Intervention studies have produced rapid decreases in exposure to organophosphate pesticides, bisphenols, phthalates, parabens, and triclosans,²¹⁸ but these studies have not examined changes in disease or intermediate markers. Randomised designs of interventions to increase or decrease exposure generally have little applicability because of ethical and logistical considerations. That said, we identified crossover studies in which intentional administration of EDCs showed intermediate markers of disease risk.¹³⁵ These designs, under some circumstances, can offer promising opportunities to identify effects of EDCs more quickly, especially for conditions with long latency periods.

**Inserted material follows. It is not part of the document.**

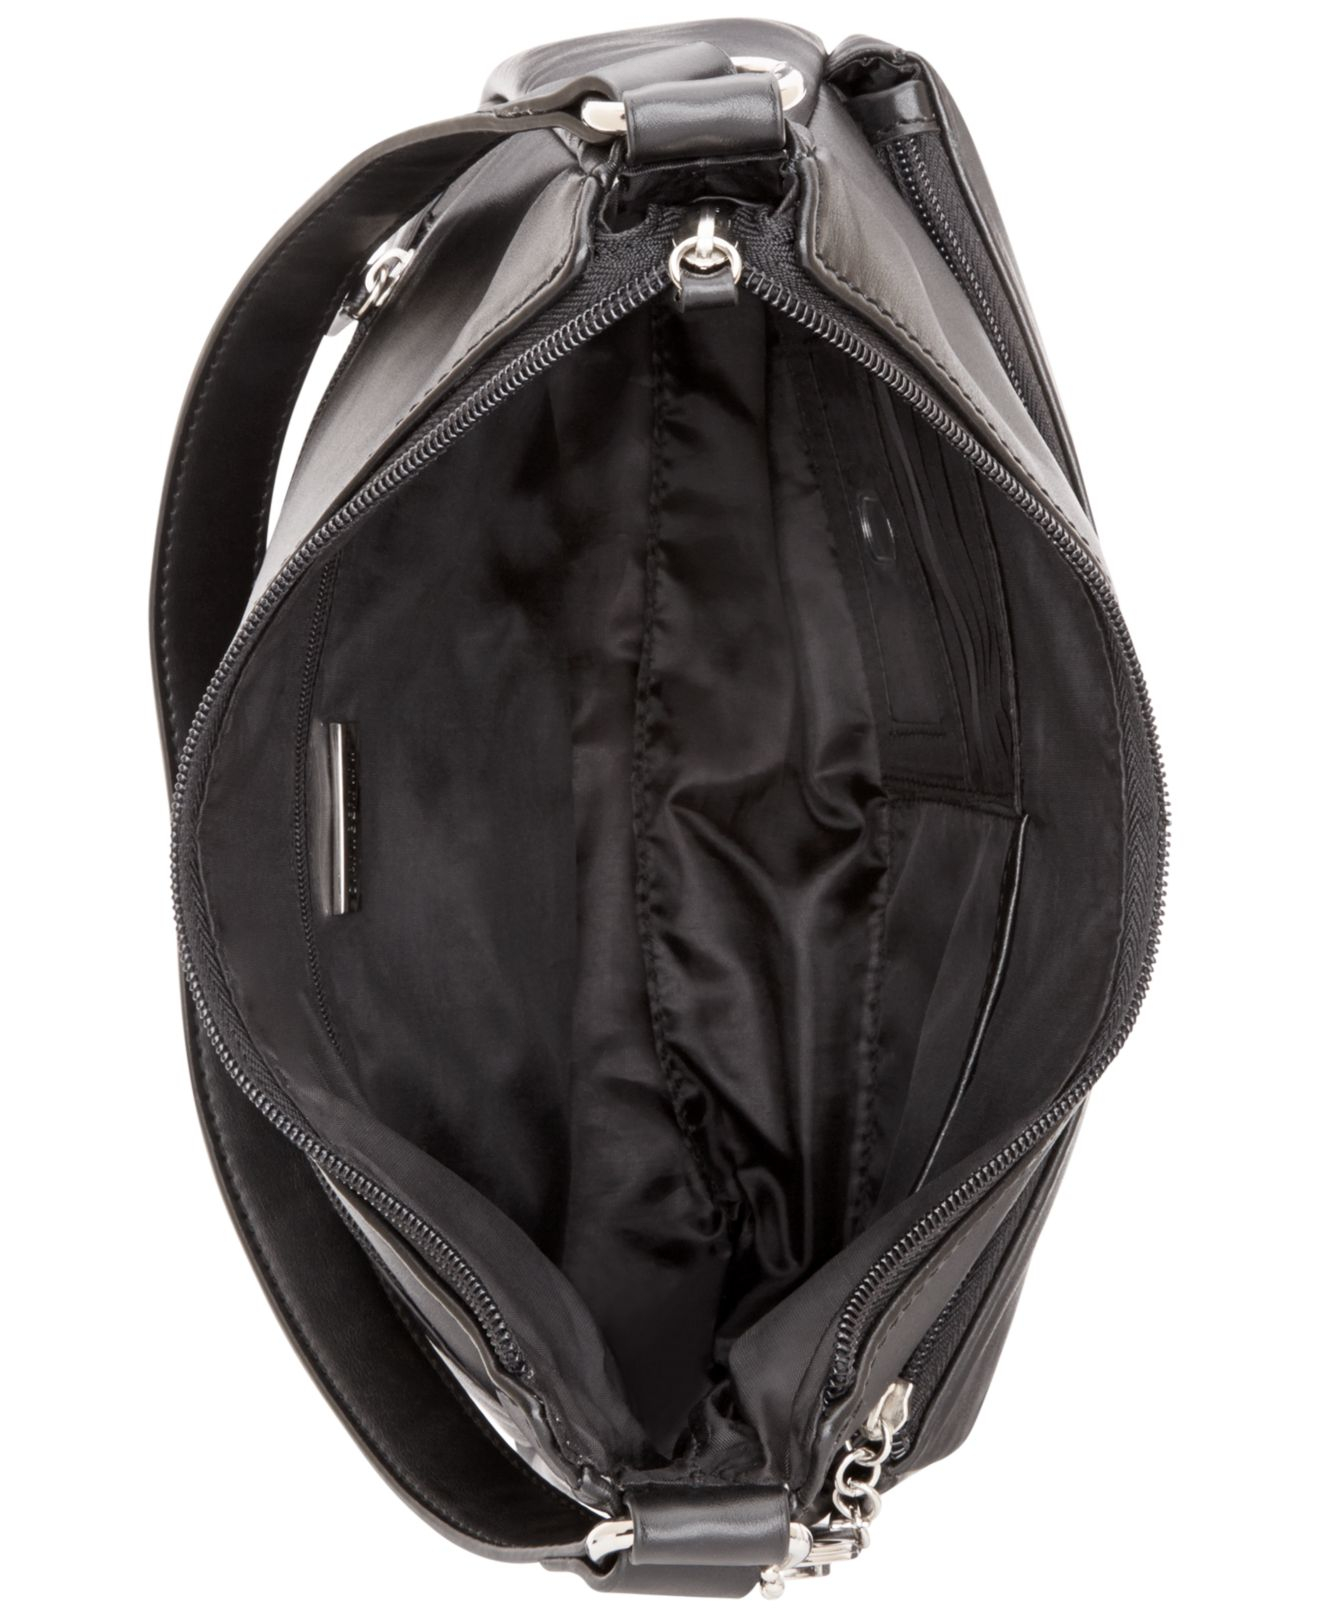 Giani bernini Nappa Leather Hobo Bag in Black | Lyst

A theme throughout the studies reviewed is the emergence of effects on human health due to replacements of EDCs by compounds that have had little testing. These health effects include the neurodevelopmental effects of pyrethroids, which are replacing organophosphate pesticides, and of OPFRs used as substitutes for their brominated counterparts; metabolic effects of BPS and other BPA analogues as well as short-chain PFAS now being used as concern has grown regarding longer-chain versions; and reproductive effects of substituting diisononyl phthalate for DEHP. The few studies of the associations of these emerging exposures with human health, many of which have identified adverse effects, support the conclusion in the second paper in this Series²¹⁹ that regulators should treat chemicals as classes rather than individual compounds and strengthen premarketing toxicological testing.

Further research will always be needed to elaborate on the effects of EDCs and other synthetic chemicals on human health with greater precision. As Bradford Hill described in his landmark lecture on causality, actions—in this case, to reduce exposure to EDCs—require consideration of the evidence and the stakes involved in the decision.²²⁰ In many cases, alternative manufacturing practices can be applied to mitigate exposure to EDCs. Additional costs to society will need to be weighed against the economic benefits of decreased disease and disability as well as other societal effects (eg, ecosystem effects).

The past 5 years of research on EDCs have brought into sharp focus the substantial stakes involved for human health. Although there are actions that individuals can take to reduce their exposure, the definitive way to make a difference on a population level is through regulation. Regulation can eliminate environmental injustices when individuals are left to implement sometimes costly changes to their daily lives (eg, buying organic food). The second paper in this Series²¹⁹ describes how policies can reduce exposure, prevent disease, and produce economic benefits that might even outweigh the costs of safer alternatives.

Search strategy and selection criteria.

Using a combination of exposure and outcome keywords, we searched PubMed for articles on empirical research in humans published in English from January, 1990, to September, 2019. We used standardised searches that combined exposures (eg, organophosphorus and brominated flame retardants, phenols, phthalates, pesticides, pyrethroids, parabens, perfluoroalkyl substances, and benzophenones) and outcomes (eg, intelligence quotient, neurodevelopment, neurobehaviour, autism, attention deficit, fetal growth, birthweight, preterm birth, prematurity, obesity, diabetes, anogenital distance, cryptorchidism, hypospadias, testicular cancer, prostate cancer, testosterone, semen quality, polycystic ovarian syndrome, endometriosis, fibroids, breast cancer, uterine cancer, and ovarian cancer). As an example of our strategy, for the outcome of preterm birth, we used the search terms “((((PBDE OR brominated OR organophosphate OR chlorpyrifos OR POP OR phthalate OR DEHP OR BBP OR DBP OR DiBP OR phenol OR bisphenol OR BPA OR BPS OR BPF OR triclosan OR triclocarban OR benzophenone OR PFAS OR PFOA OR perfluoroalkyl OR perfluor* OR perfluorinated OR pyrethroid OR parabens OR paraben* OR phytoestrogen OR nonylphenol OR “endocrine disruptor*”) AND ENGLISH[Language]) AND (“1990”[Date - Publication] : “2019/09”[Date - Publication])) AND (preterm OR “premature birth” OR “gestational duration”))”. For neurodevelopmental, birth, and congenital outcomes, studies only with prenatal or perinatal exposure assessment are included in this Series paper.